If the Iowa Public Employees Retirement System feels taken advantage of by Wall Street, what chance does a small investment firm or a retail investor have of getting a fair shake? It turns out, thanks to Interactive Brokers, maybe a pretty good one.

Interactive Brokers (IBKR) is a global electronic broker built from the ground up around automation, cost efficiency, and direct electronic market access. A very convenient (and intentional) feature of IBKR is that they provide much of their data as a self-serve model. We aggregated IBKR’s borrow rates for US equities to compare against S&P Global's Securities Finance (formerly Markit) data—the industry standard benchmark for market-wide securities-lending transactions. S&P Global’s dataset is widely used in academic research and was central to damages modeling in the 2017–2023 antitrust litigation.

To see how IBKR compared, we regressed IBKR’s borrow rates against the benchmark data, matched by security and month.

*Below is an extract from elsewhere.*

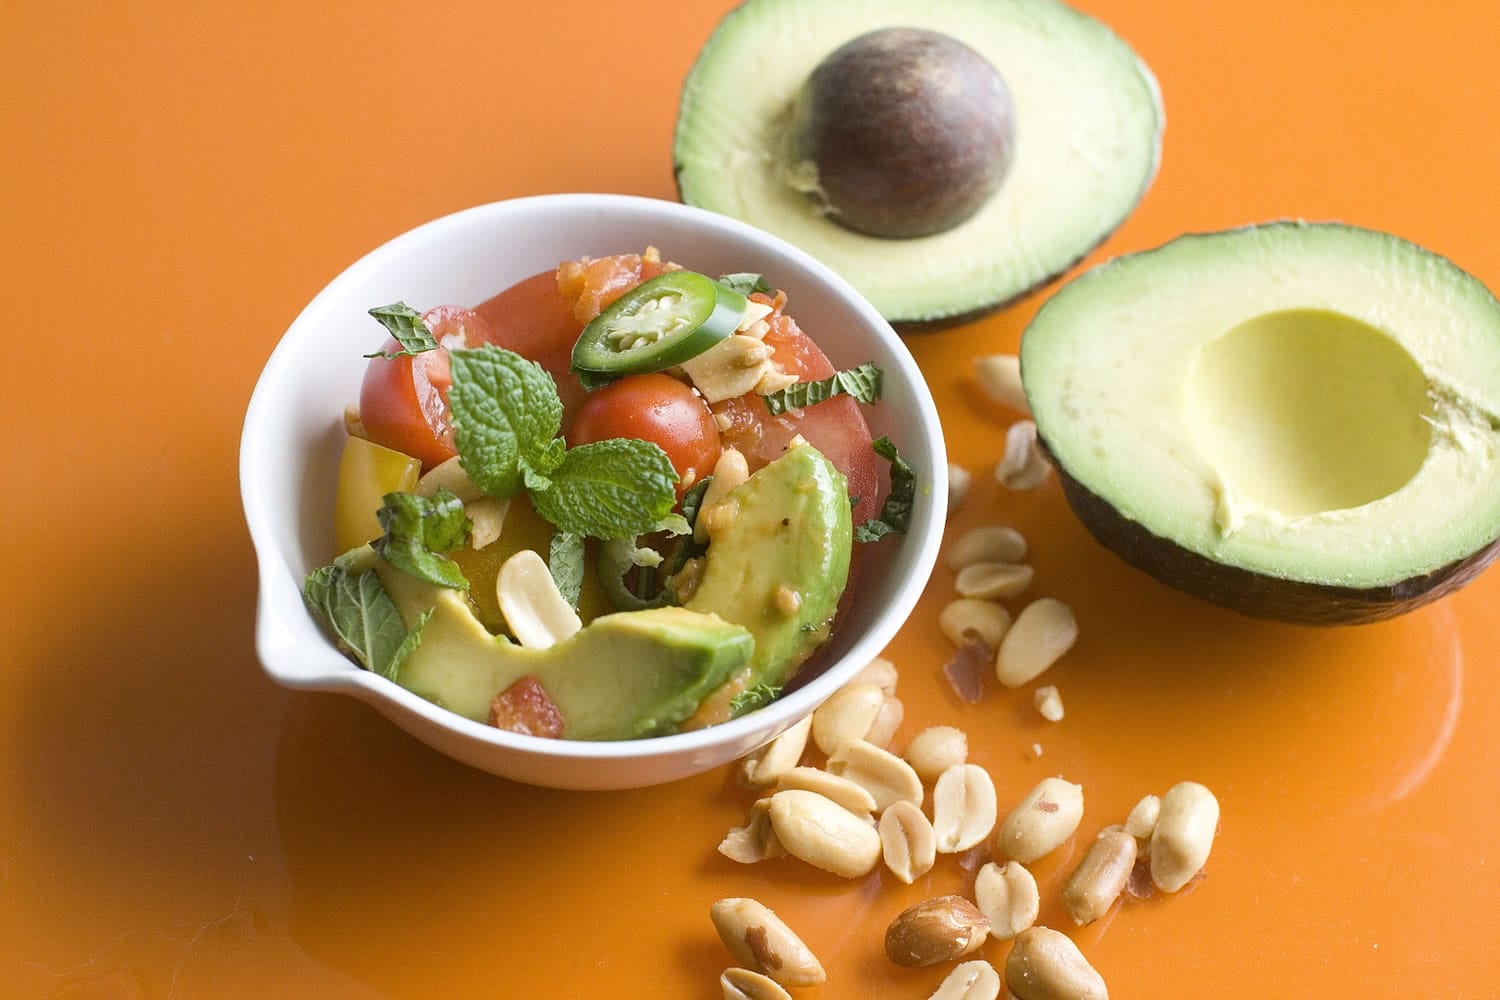 Tomato and Avocado Salad With Gingered Tomato Vinaigrette and Toasted Peanuts
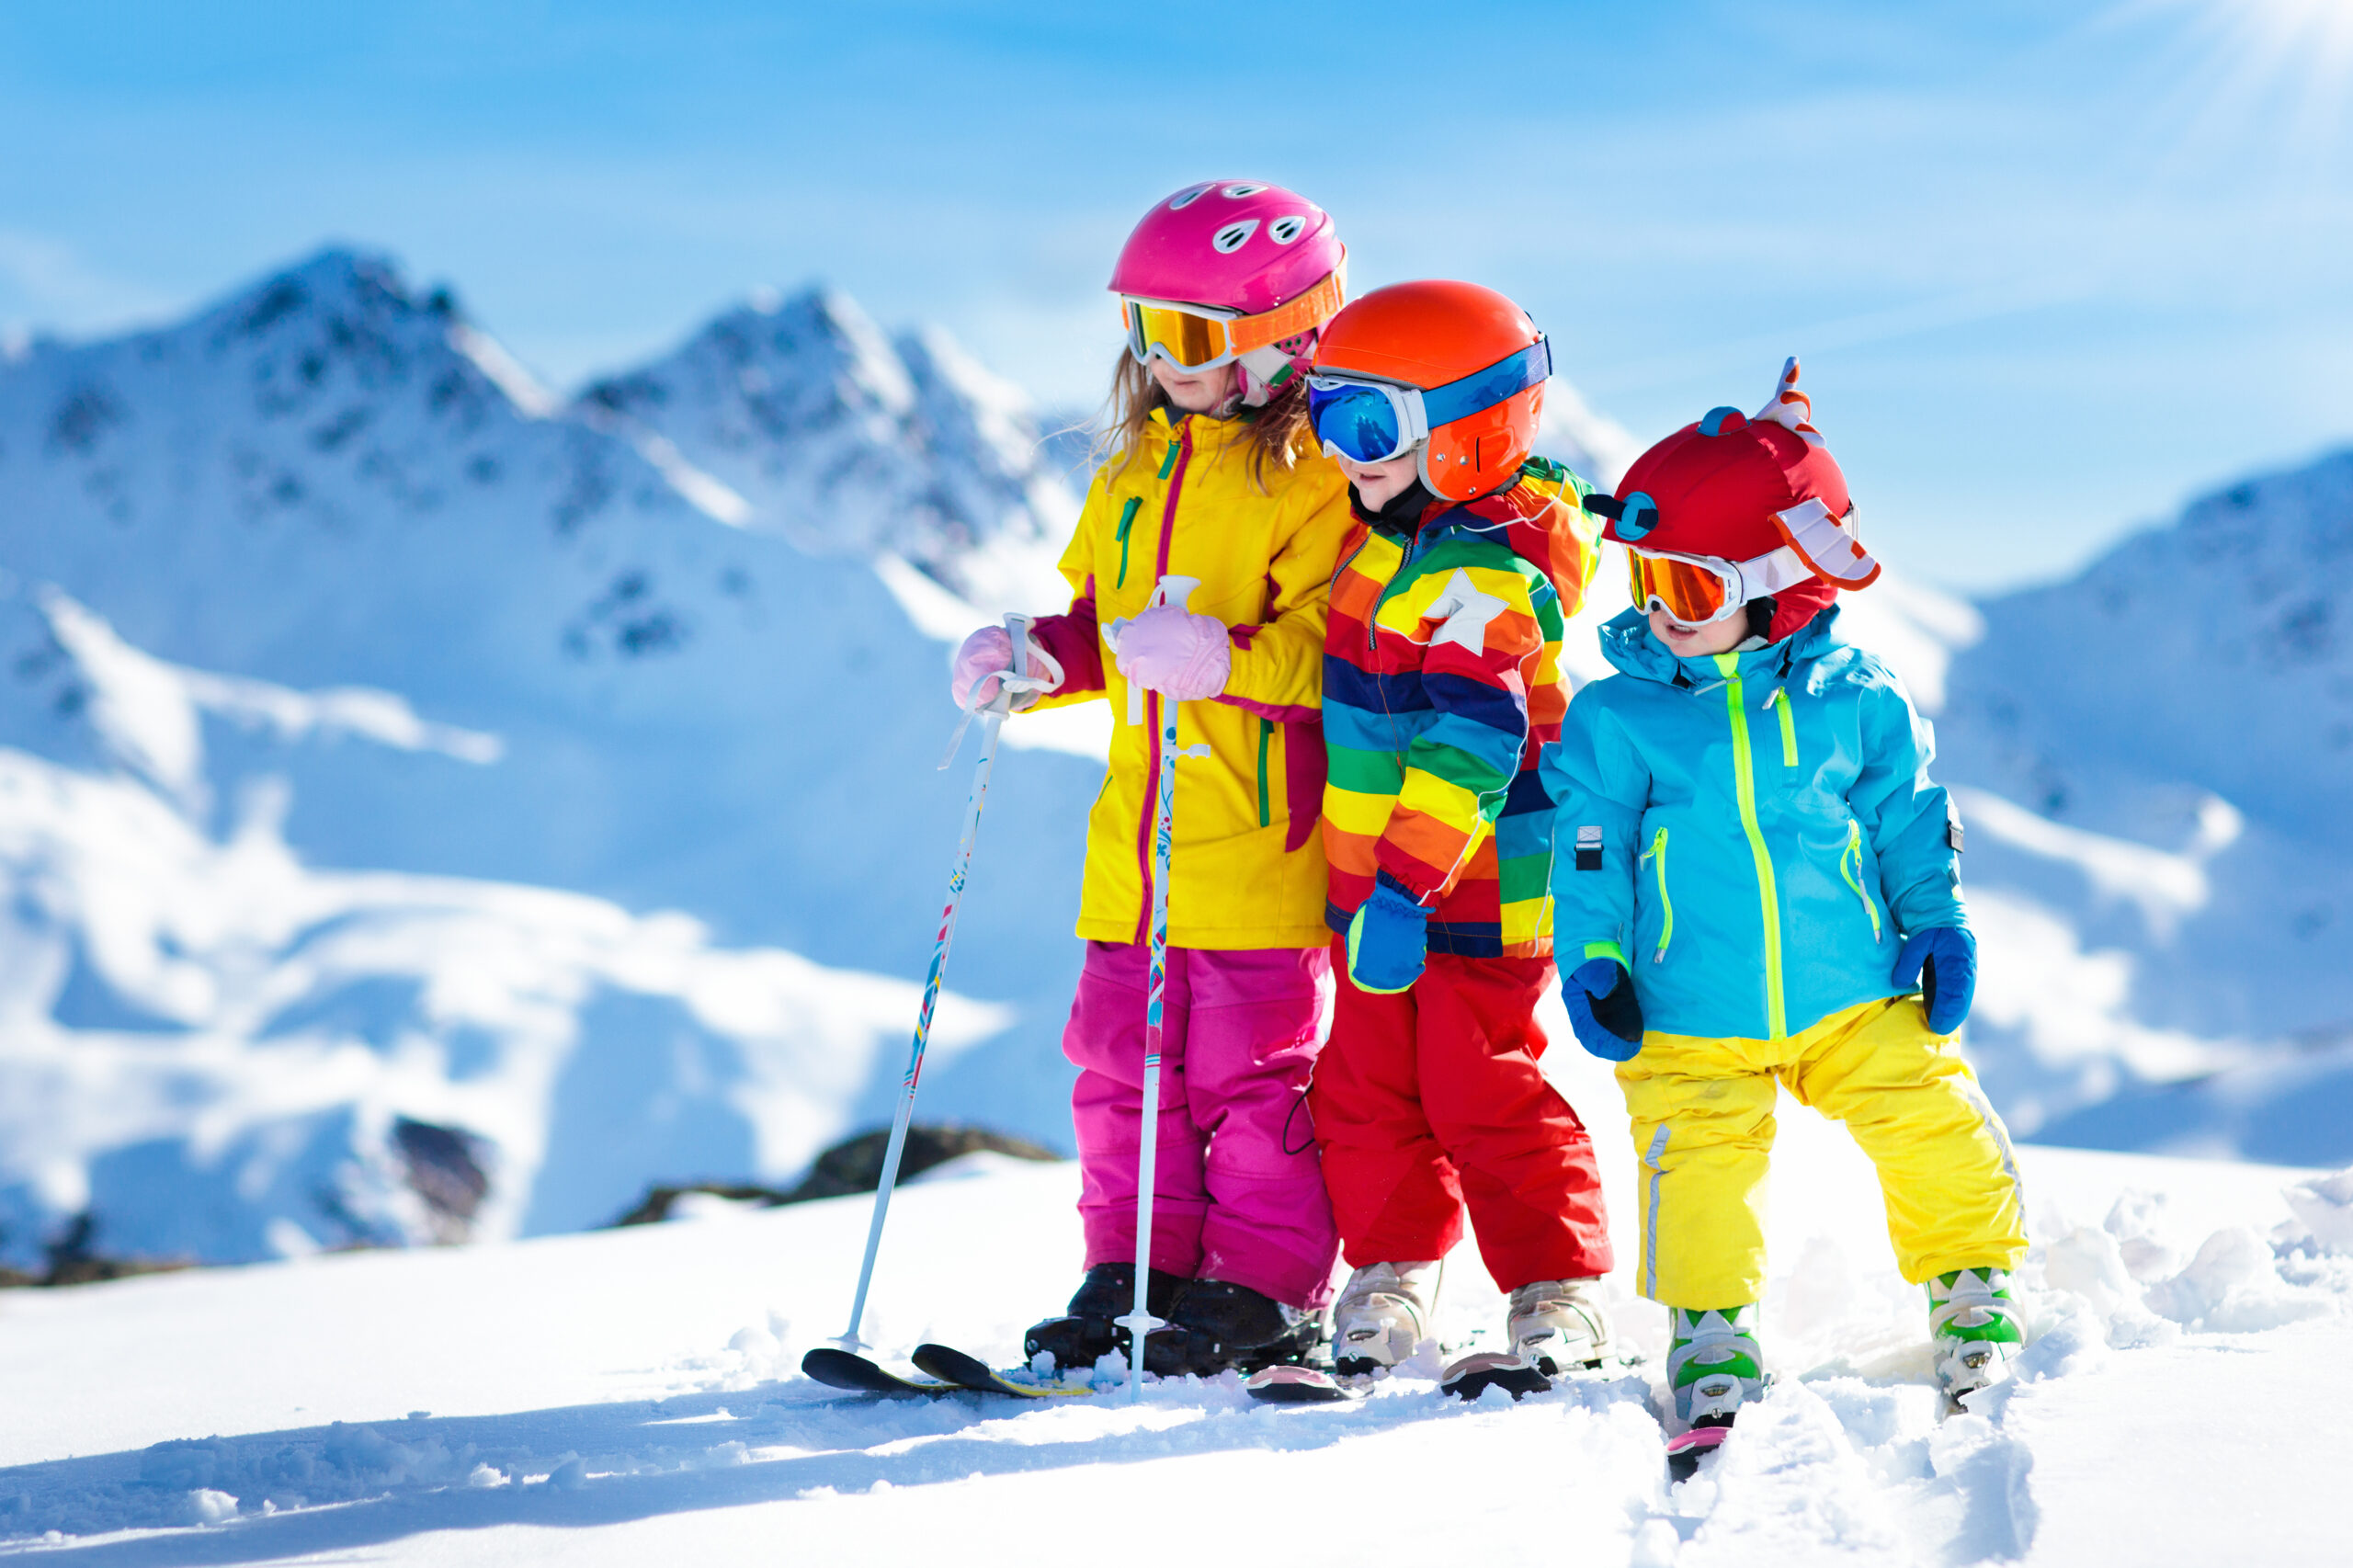 Children in bright colored clothing on a ski slope

Figure 1: IBKR Borrow Rates vs. Industry Borrow Rates

Source: S&P Global’s Securities Finance, Interactive Brokers, Verdad research

We can see a pretty noticeable trend that most of the data lives below the 45° line, fit through the origin. The regression has a beta of 0.96 and an r-squared of 0.8. Put simply, across all securities and all months, IBKR’s borrow rates tend to be slightly lower than the industry reference. In fact, if we exclude borrow rates below 1% (which generally indicate it is freely available to borrow), IBKR is cheaper than the industry rate about 72% of the time. This suggests IBKR’s pricing is at least competitive with, and often slightly better than, big-bank prime brokers. Which means IBKR is offering institutional-grade borrow pricing to even very small funds—something that would have been unthinkable twenty years ago.

This is great news for smaller investment firms, retail investors, and frankly shareholders of Interactive Brokers. And this story goes a long way to explaining why IBKR’s stock is up 380% over the last five years.